- What to do -
What you return must be the full listing, word for word, with no images in it.

- Data below -
⁂
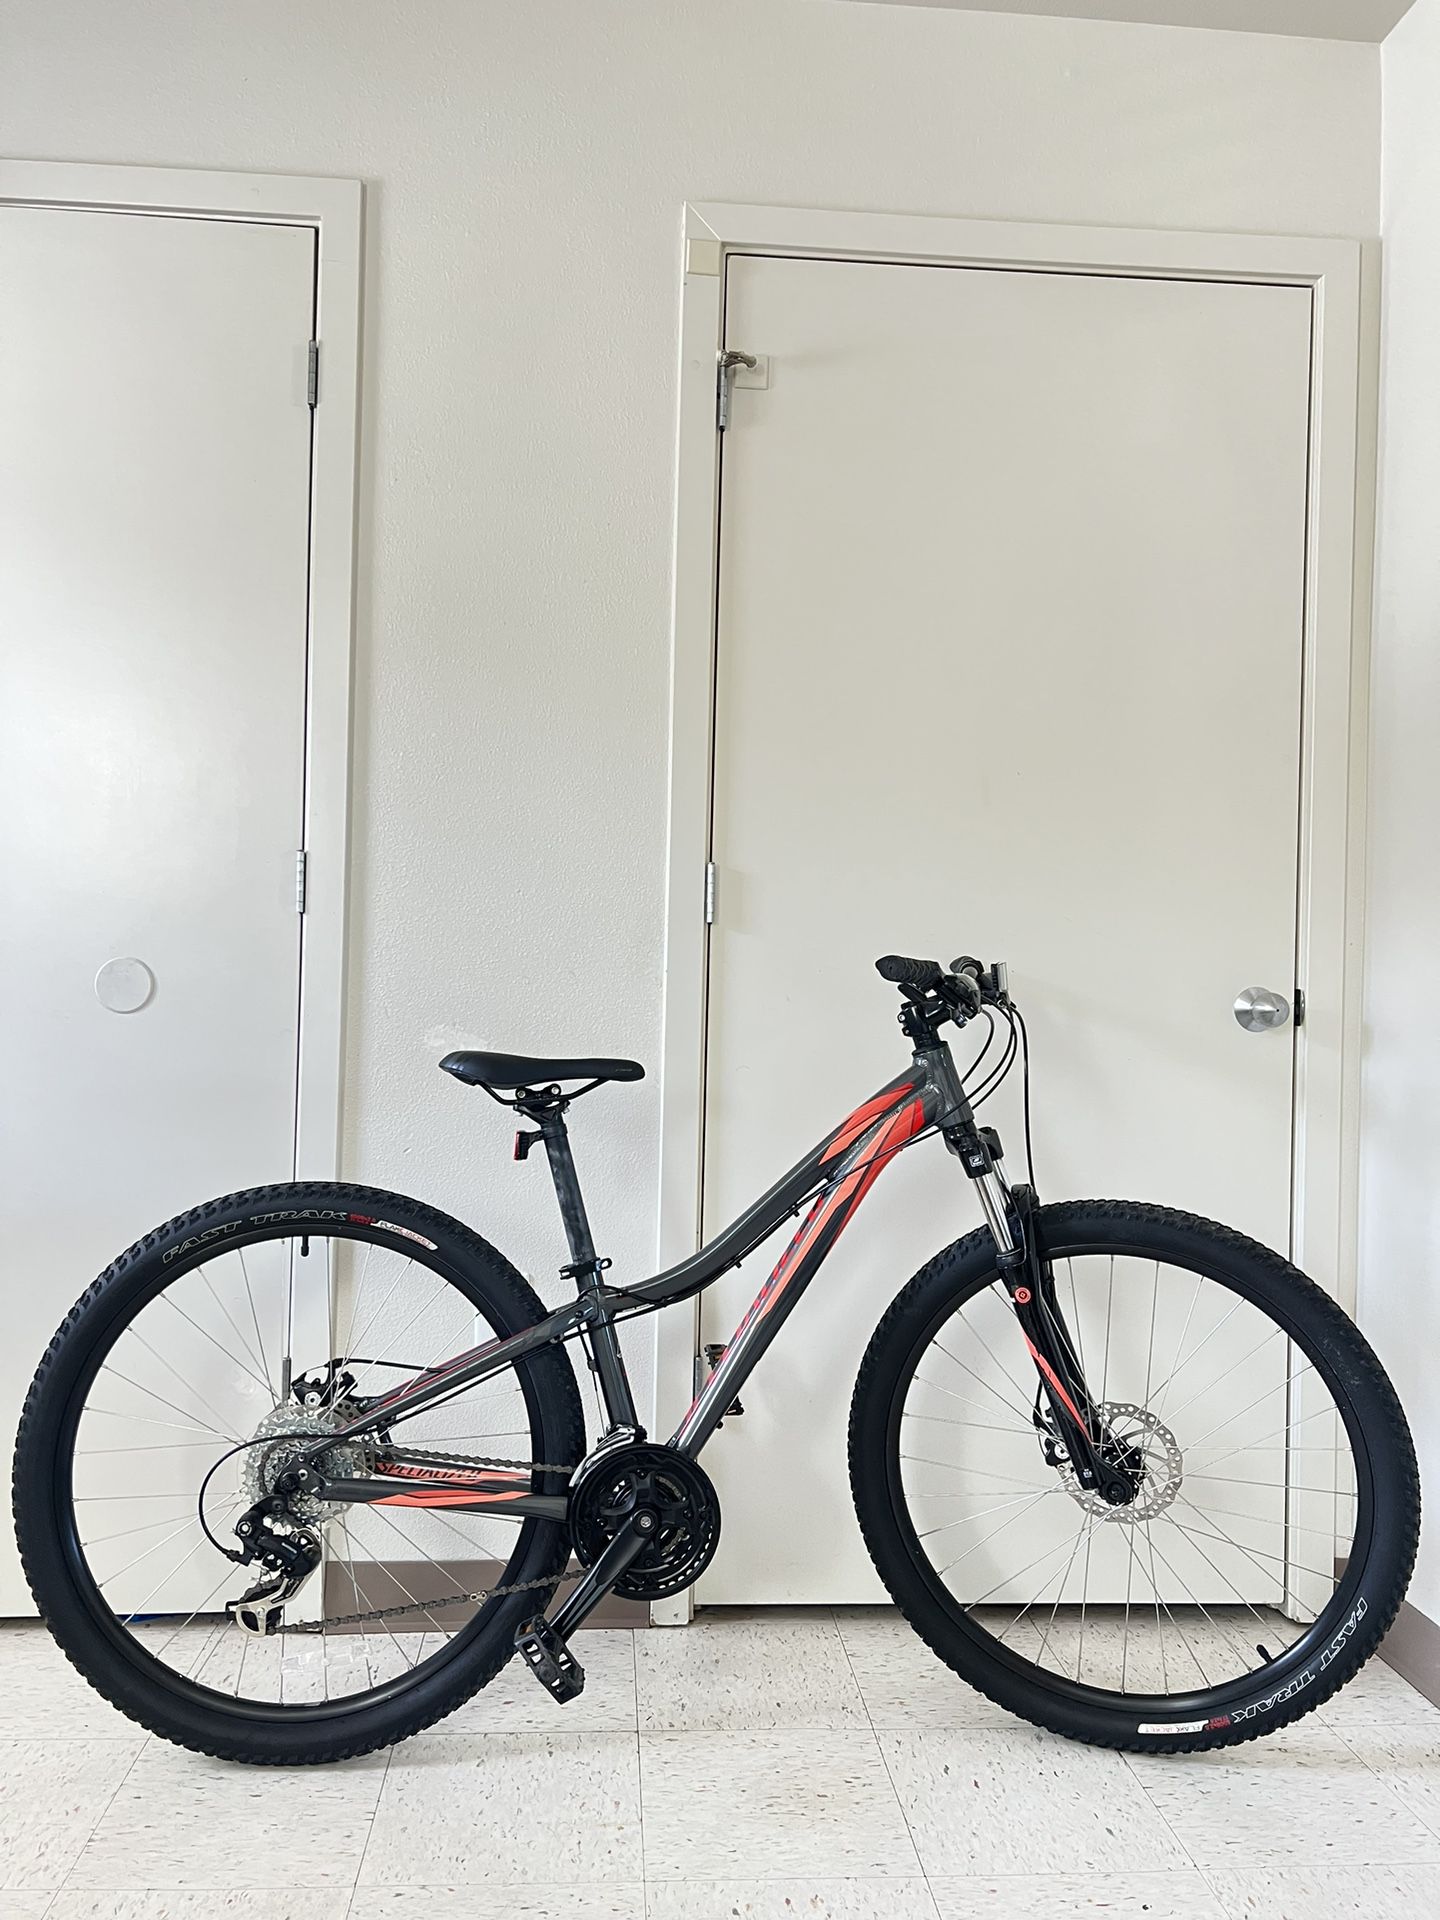 Specialized Myka Mountain Bike 27.5”
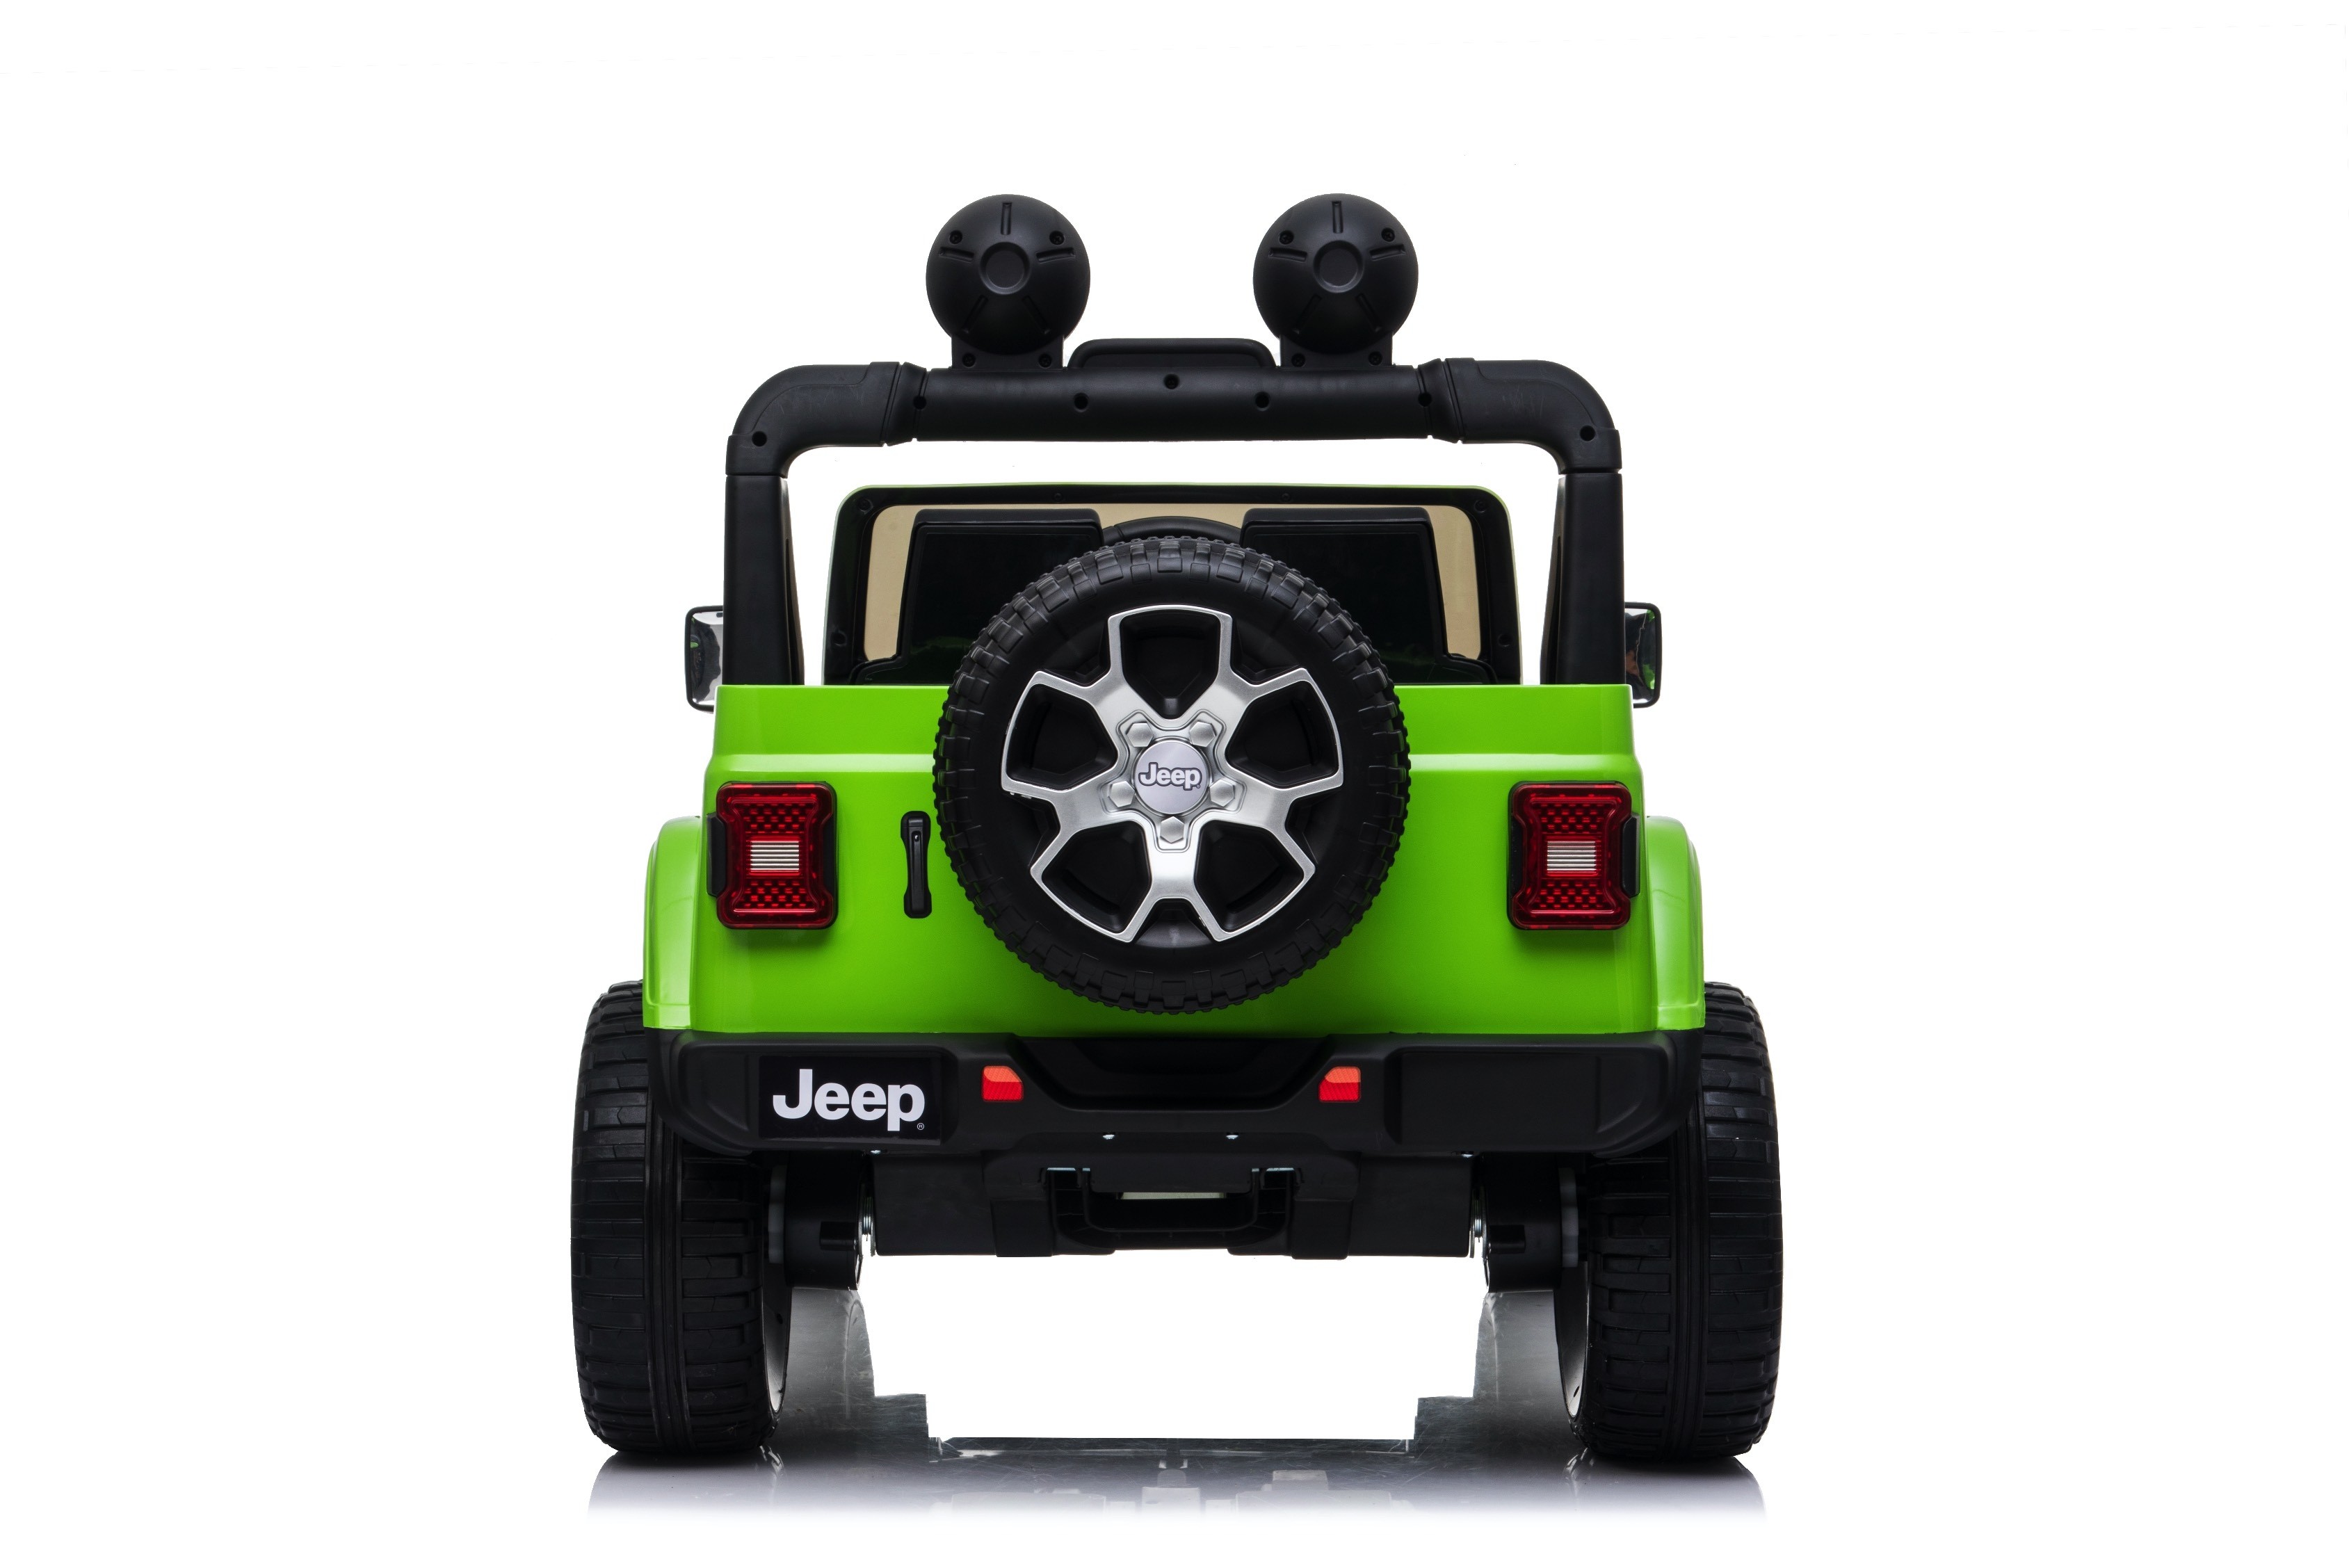 TOYSCAR electronic way to drive Auto Macchina Elettrica Jeep Wrangler Rubicon 12V per Bambini Porte apribili con Telecomando Full Accessori Green
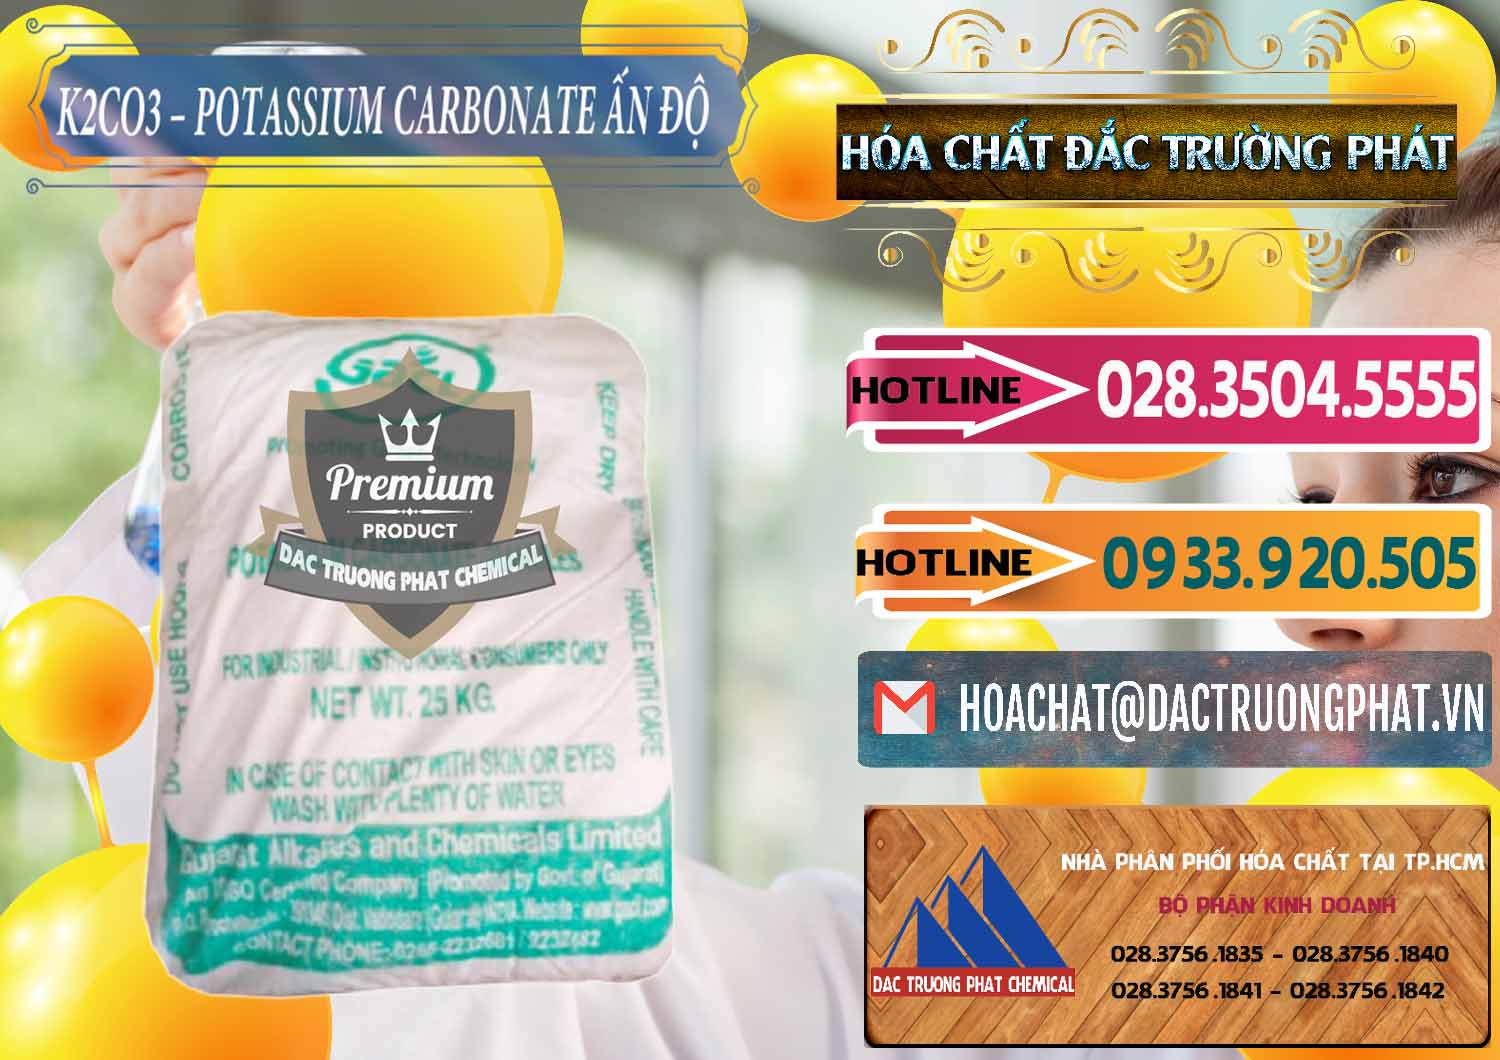 Cty chuyên kinh doanh - bán K2Co3 – Potassium Carbonate GACL Ấn Độ India - 0472 - Chuyên phân phối và cung cấp hóa chất tại TP.HCM - dactruongphat.vn
⁂
- Solution to the problem -
 Specialized Myka Mountain Bike 27.5”
 TOYSCAR electronic way to drive Auto Macchina Elettrica Jeep Wrangler Rubicon 12V per Bambini Porte apribili con Telecomando Full Accessori Green
 Cty chuyên kinh doanh - bán K2Co3 – Potassium Carbonate GACL Ấn Độ India - 0472 - Chuyên phân phối và cung cấp hóa chất tại TP.HCM - dactruongphat.vn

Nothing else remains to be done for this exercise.